- **GIVEN MATERIAL**:
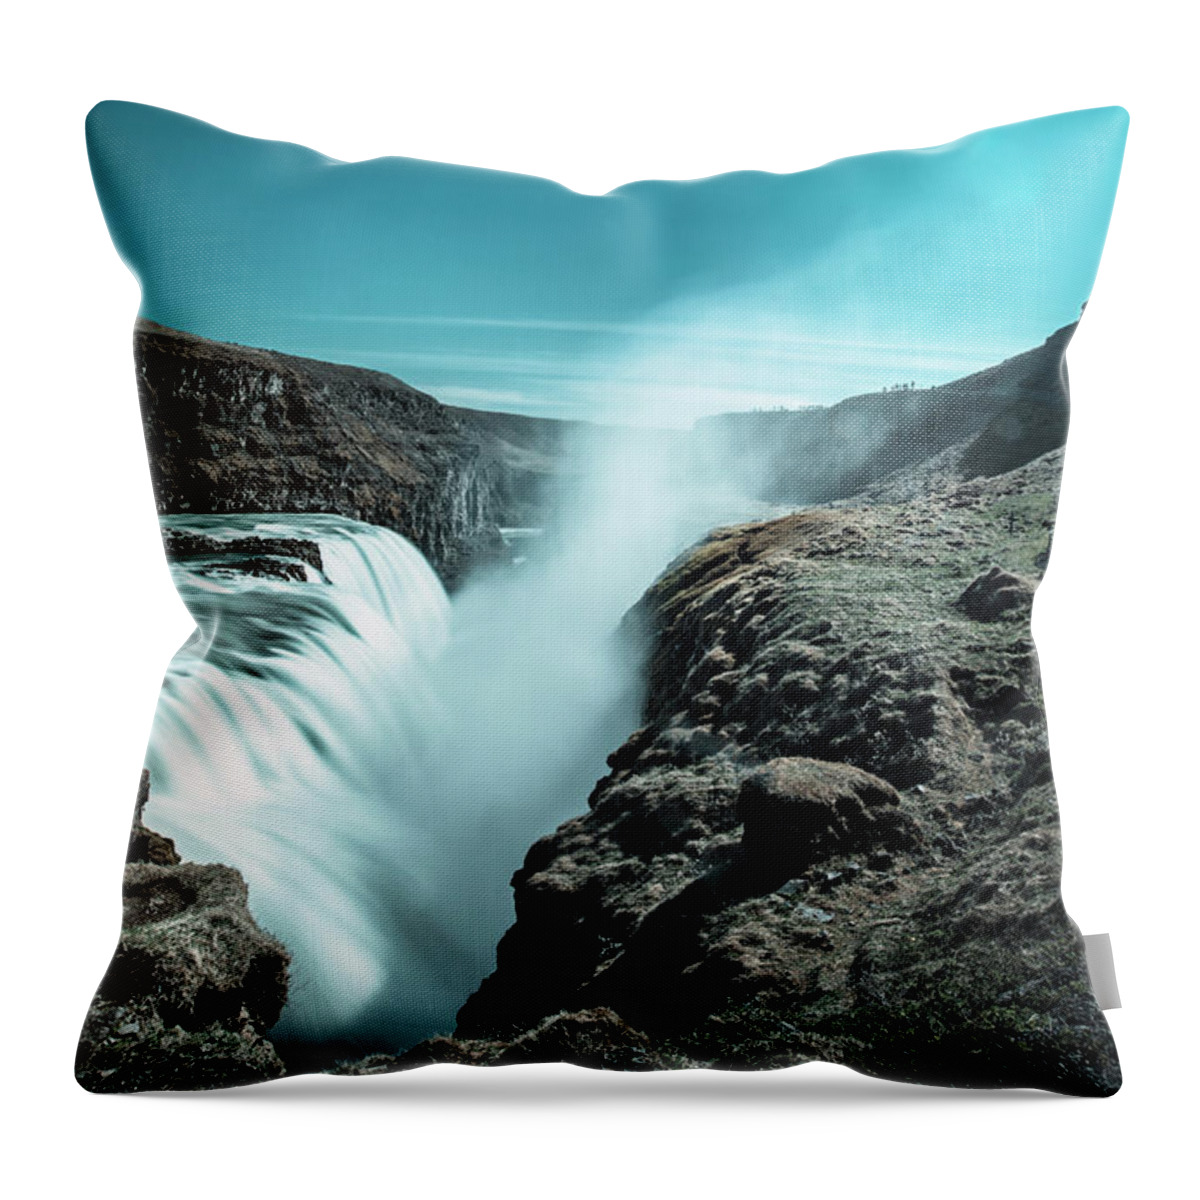 Scenics Throw Pillow featuring the photograph Gullfoss by Xavierarnau
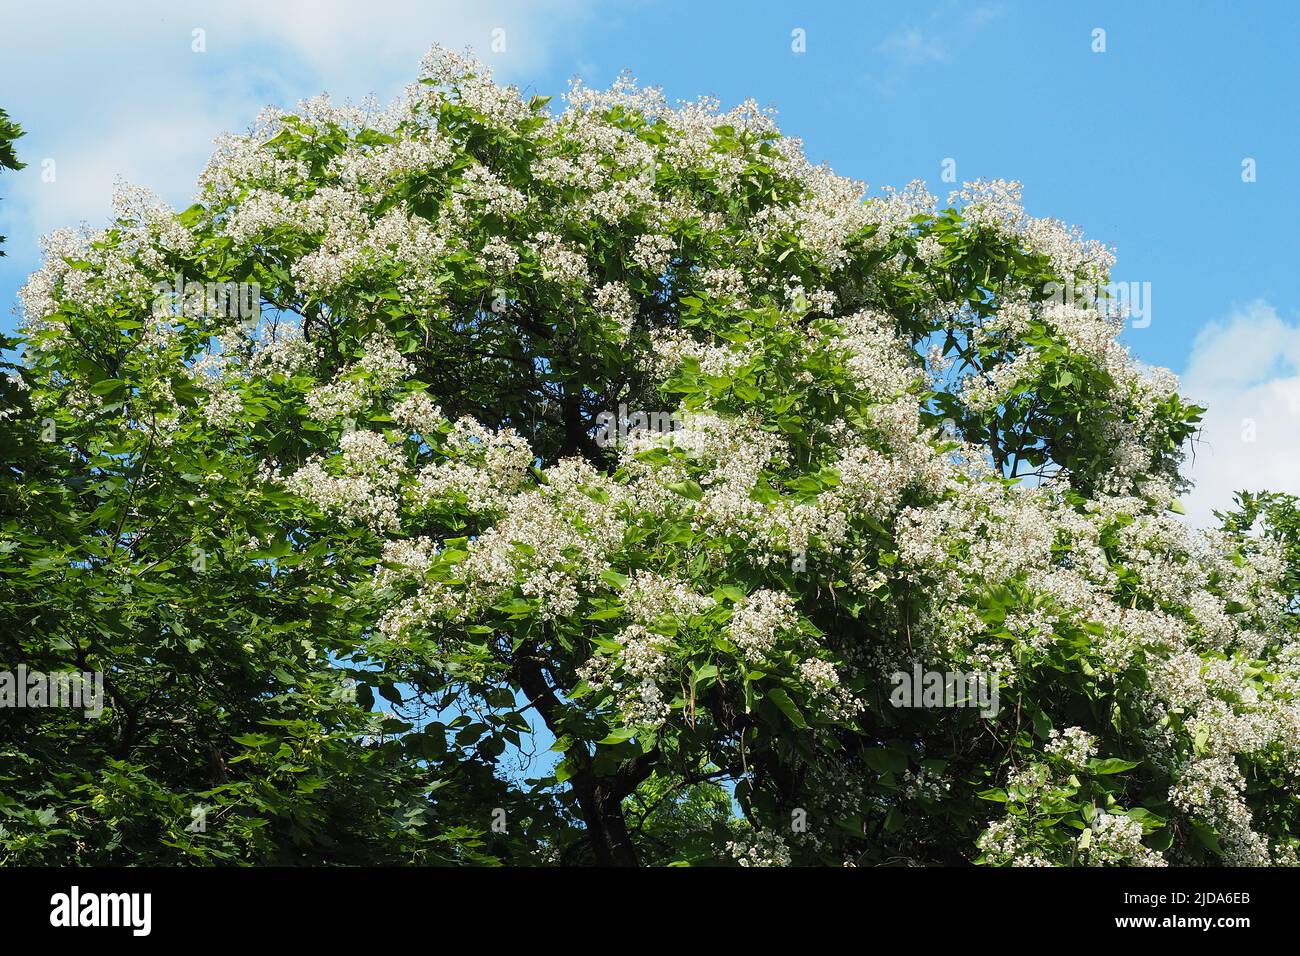 southern catalpa, cigartree, and Indian-bean-tree, Gewöhnlicher Trompetenbaum, Catalpa bignonioides, szívlevelű szivarfa, Budapest, Hungary, Europe Stock Photo
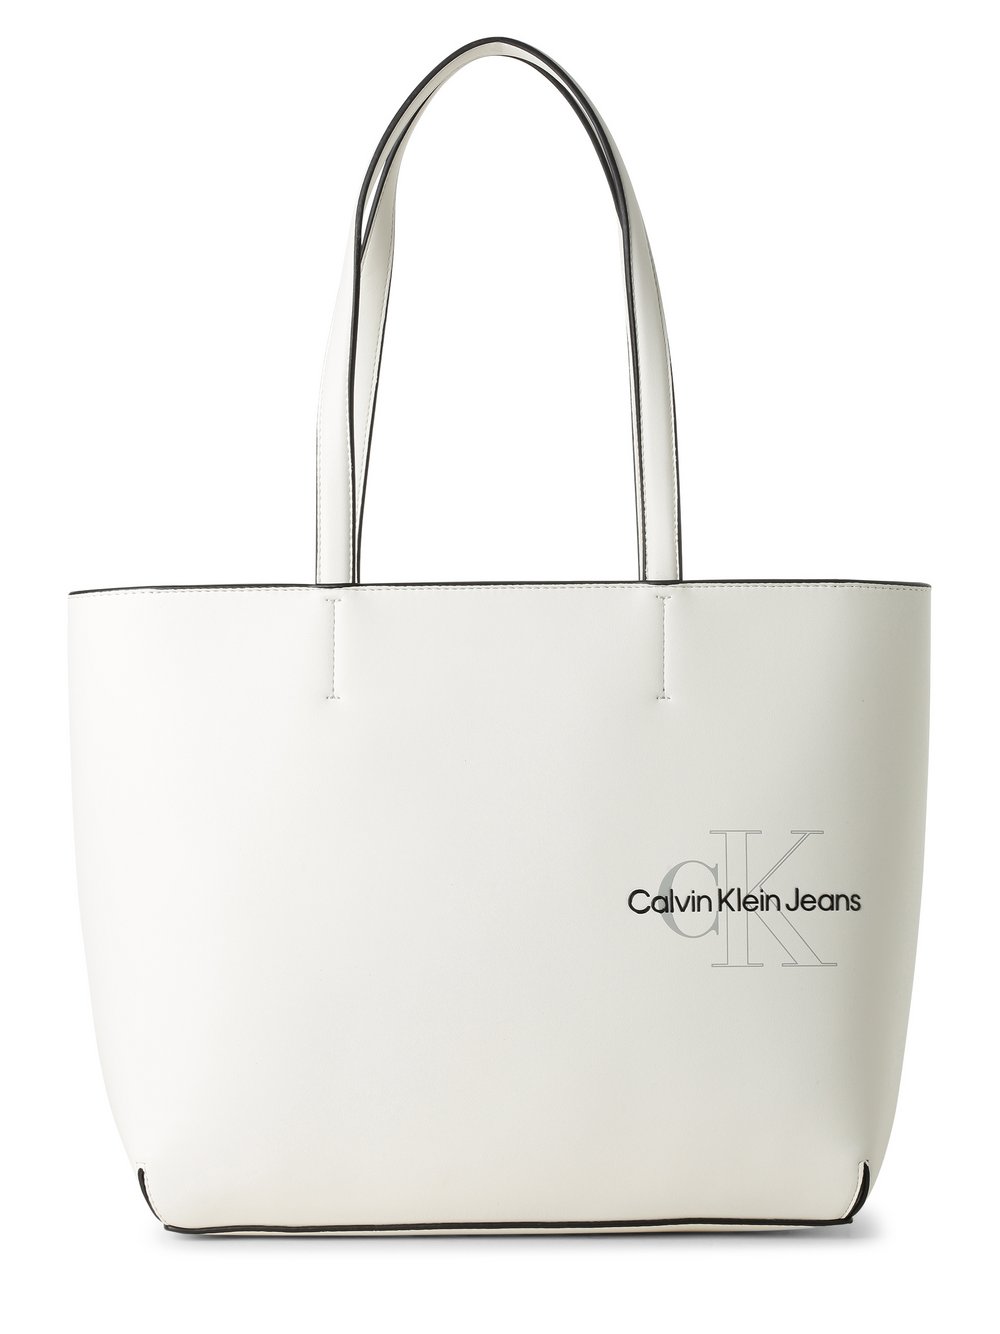 Calvin Klein Jeans - Damska torba shopper, biały

- **PROBLEM TO WORK ON**: Copy out the data above to the letter, and keep every picture out of it.

- **ANSWER BOX**:
 Scenics Throw Pillow featuring the photograph Gullfoss by Xavierarnau
 southern catalpa, cigartree, and Indian-bean-tree, Gewöhnlicher Trompetenbaum, Catalpa bignonioides, szívlevelű szivarfa, Budapest, Hungary, Europe Stock Photo
 Calvin Klein Jeans - Damska torba shopper, biały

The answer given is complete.